Updated 8 марта, 09:12

«Бессонницы случайный собеседник»

«Бессонницы случайный собеседник»

18 мая 2006, 20:00
Владимир Корвин-Пиотровский (1891, Белая Церковь – 1966, Лос-Анджелес)

«Множество имен Есть у меня, но все они чужие. Я – поздний гость, зашедший ненароком, Бессонницы случайный собеседник». Так говорит бродяга Глюк в драматической поэме Корвин-Пиотровского о себе, а заодно, как водится, и об авторе. Но это неправда, что автору все имена чужие, хотя есть среди них даже королевские.

Однако сначала пойдет речь не о нем, а о другом человеке, с которым у него много общего. Это Владимир Андреевич Савин (1902–1962) – врангелевец, галлиполиец, затем шахтер в Болгарии, затем рабочий на конвейере автомобильного завода «Рено». Его сын – Андрей Савин, окончивший Парижский Православный институт, был воспитан отцом в уважении к нашей литературе, живописи, музыке. Андрей Савин создал фирму «Русский библиофил», много лет собирал книги, написанные русскими эмигрантами. В 1998 году в Санкт-Петербурге вышел каталог его собрания «О муза русская, покинувшая дом…». Там и была напечатана биография Владимира Корвин-Пиотровского, где черным по белому написано, что он происходит из рода венгерских королей. Эта легенда запущена самим поэтом. По свидетельству его друга Юрия Офросимова, Корвин-Пиотровский любил рассказывать, что «он потомок венгерских королей Корвиных, из которых Матвей Корвин был всесветно знаменитый и что есть у него, Владимира Корвина, шансы претендовать на венгерский трон, ежели «что произойдет»… В стихах одной из поэм это выражено так: «Наследник славы европейской – Венгерской и иных корон»… Потом и эта родословная показалась ему короткой и в одном из последних своих писем он уже вел свой род от римского сенатора Марцелла Корвуса, отмеченного Сенекой за красноречие и упомянутого Горацием. На эту тему, с усердием и прилежанием прямо поразительными, готов он был писать настоящие исследования и вести разговоры с пресерьезной убедительностью, ставившей в тупик, а порою и раздражавшей собеседника». Впрочем, кто знает – может быть, всё это правда.

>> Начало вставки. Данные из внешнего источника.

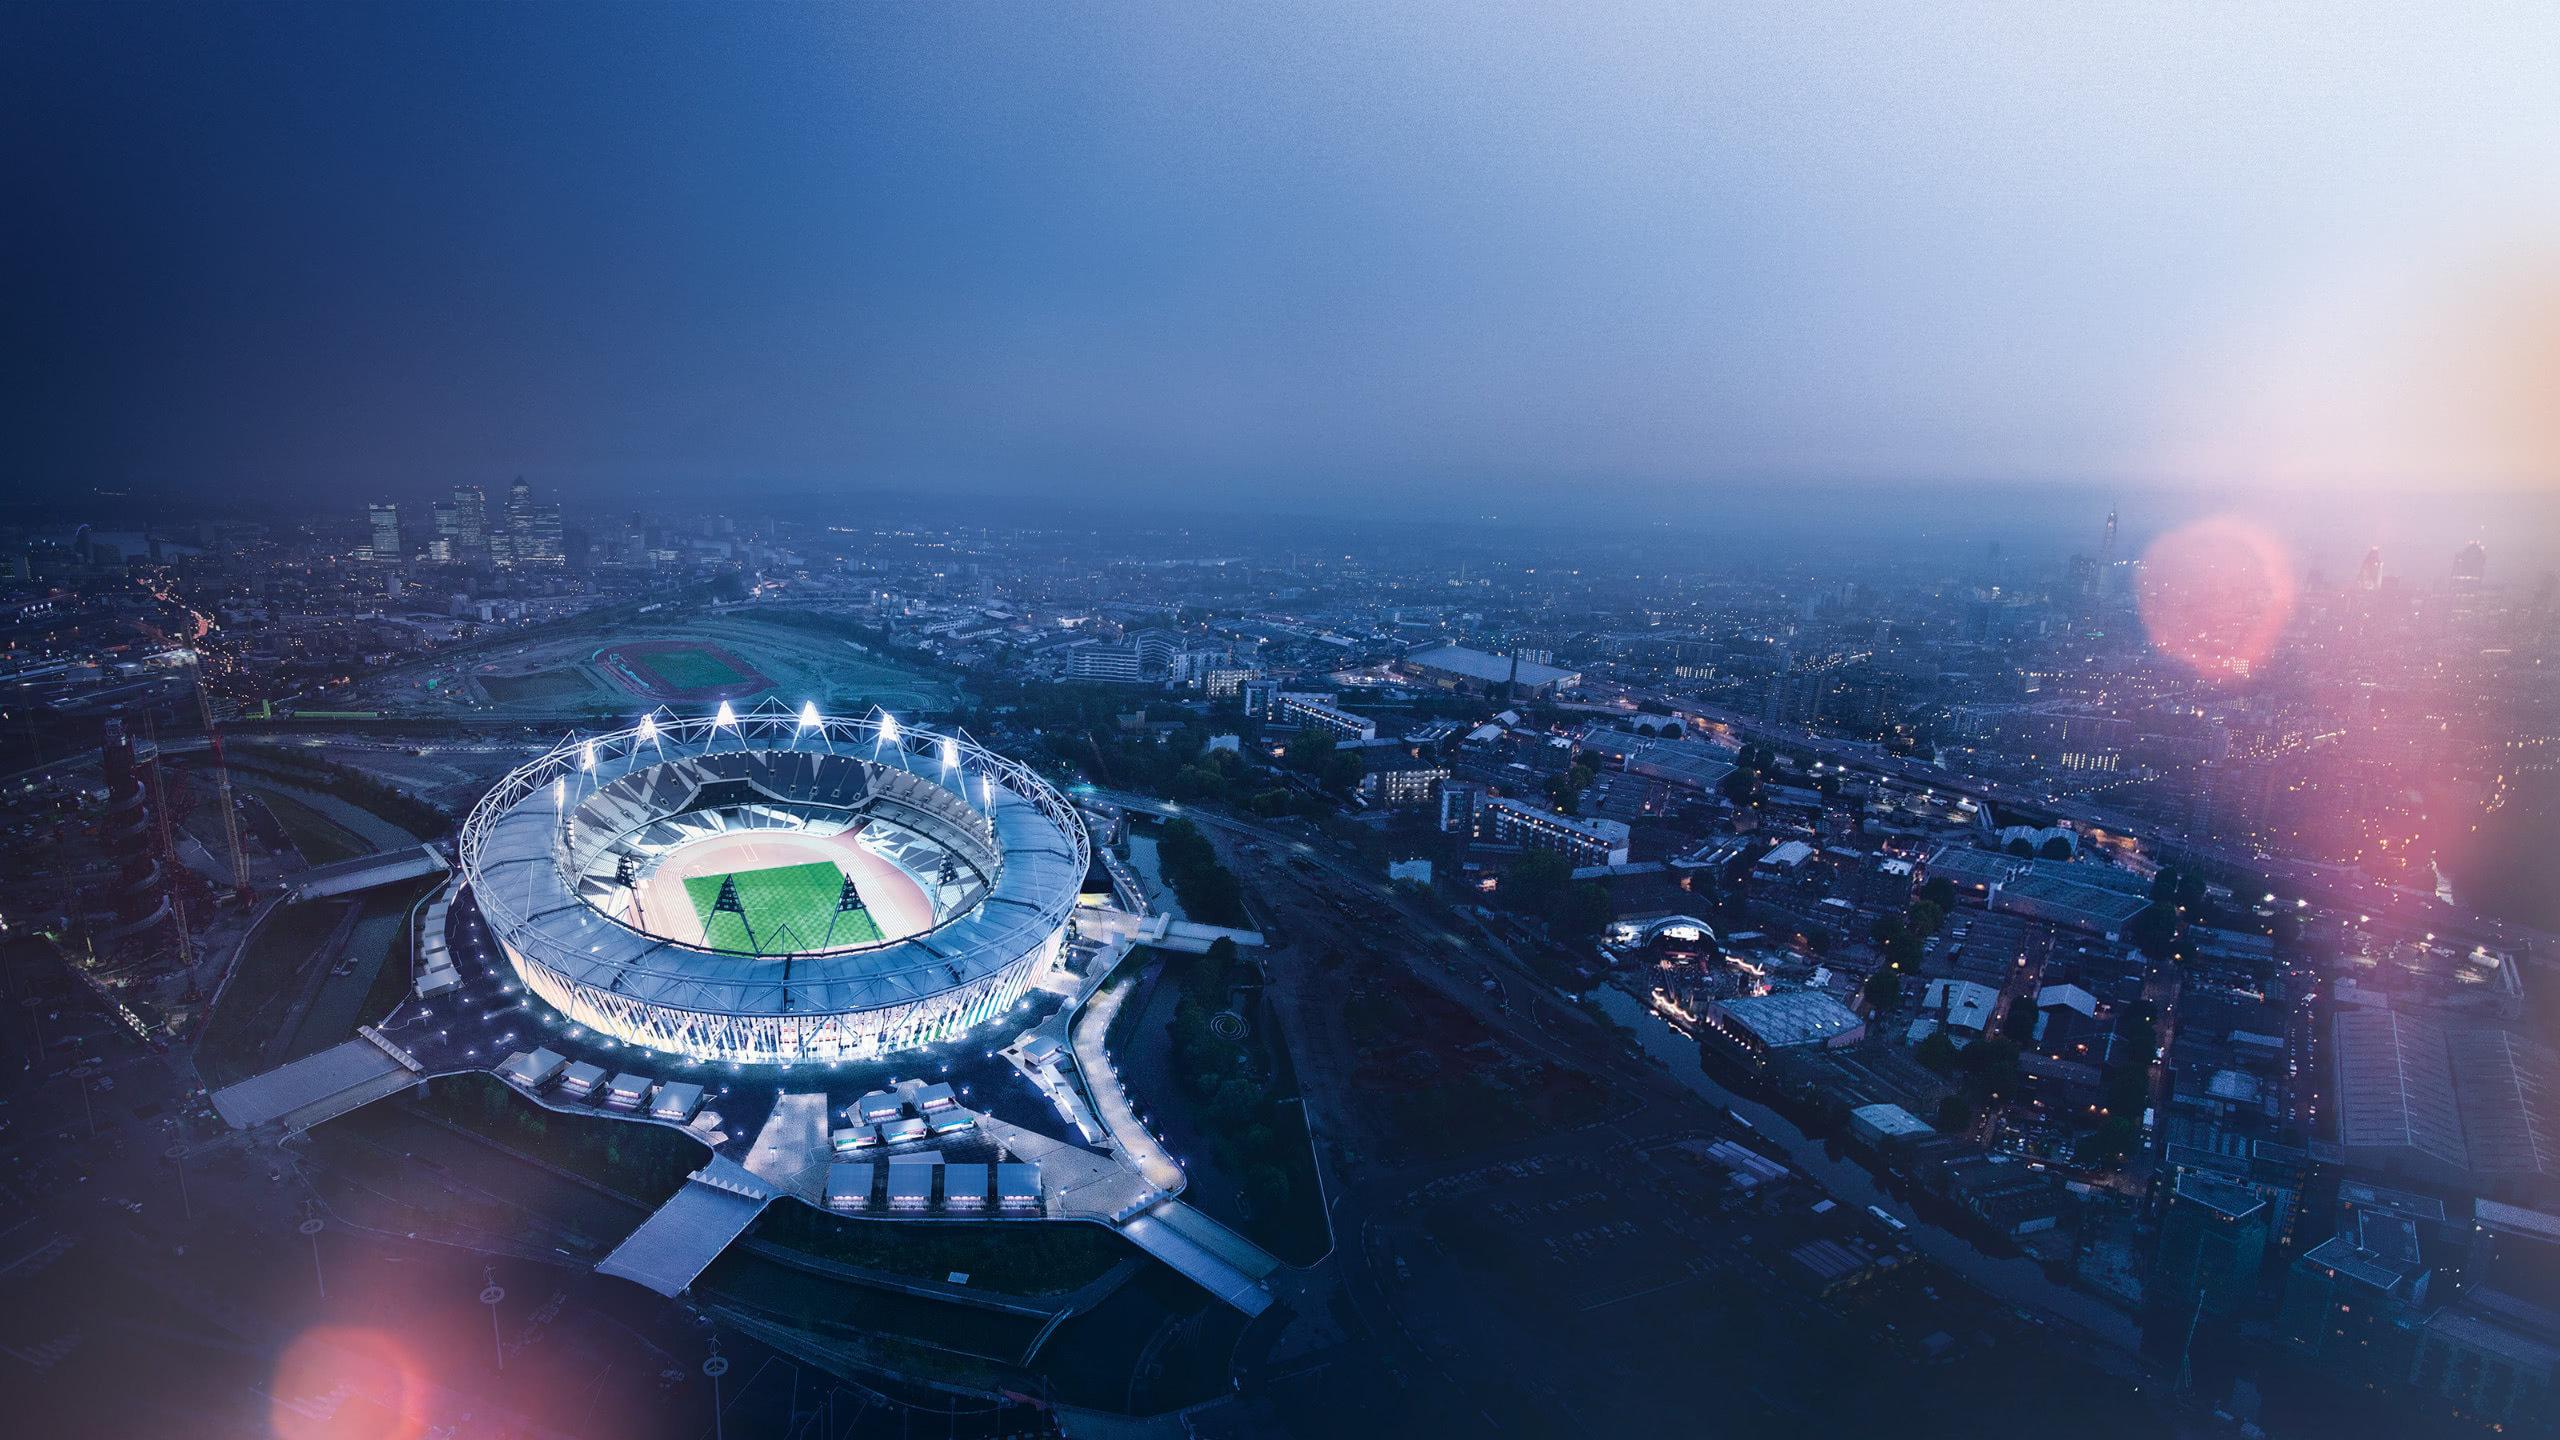 london olympic stadium 2012 olympics london england wqhd 1440p wallpaper

В гражданскую войну так же, как отец Андрея Савина, Корвин-Пиотровский воевал в Белой армии против большевиков в ранге артиллерийского офицера. Его взяли в плен красные партизаны, повели на расстрел, но расстреливали очень неумело, и ему удалось уцелеть. Работал шофером в Берлине, пытался спастись от гитлеровцев, переехав в Париж, но фашизм настиг его и там. Вступил во французское Сопротивление. Был схвачен, брошен в гестапо в Монлюке близ Лиона, где его держали целых десять месяцев, мучили допросами, приговорили к смерти, но до расстрела не дошло – уж этих-то нельзя было заподозрить в неумелости. Он, чудом выживший, дождался танков союзников, катящихся по бульвару Сен-Жермен с парижанками на броне, целующимися с парнями из Оклахомы и Дакоты. Стихи, сочиненные в гестаповском застенке без бумаги и карандаша, в памяти, он издал книгой под названием «Воздушный змей» (1950), и у Андрея Савина в коллекции был драгоценный экземпляр этой раритетной книги с автографом: «Георгию Викторовичу Адамовичу с уважением и дружеской симпатией. Смущенный автор. Paris. 16 июня 1950».

На фотографиях Корвин-Пиотровский вовсе не выглядит смущенным – несколько суховатое лицо с тонкими аристократическими чертами. Сразу по испытующему волевому взгляду видно, что это офицер, хотя он в штатском, но из тех офицеров, из которых и вышла интеллигенция России. Почему-то принято считать, что ее родоначальниками были разночинцы. А на самом деле русская интеллигенция начиналась со свободомыслящих дворян, в том числе и декабристов.

«…В стихах своих, – подчеркивал Корвин-Пиотровский, – я не лгу никогда. Что бы я ни писал, куда бы я ни писал – это всё искренне и правдиво, даже если потом я и не соглашался с написанным».

Стихи его не обладали оригинальной, принадлежащей только ему поэтикой, но зато они были выдержаны в редко кому удающейся сконденсированной из многих поэтик классической форме, очень часто даже одноритменной, но без монотонности, образующейся в основном из-за бессодержательности. Это была строгая романтическая поэзия, но с резкими вкраплениями горького сарказма, где Пегас, «полуудавленный постромкой», глядел не как-нибудь, а насмешливо, наученный горьким опытом, что его идеалисты-всадники очень часто шлепались из седла на матушку-землю, расставаясь со своими иллюзиями, а иногда и с жизнью.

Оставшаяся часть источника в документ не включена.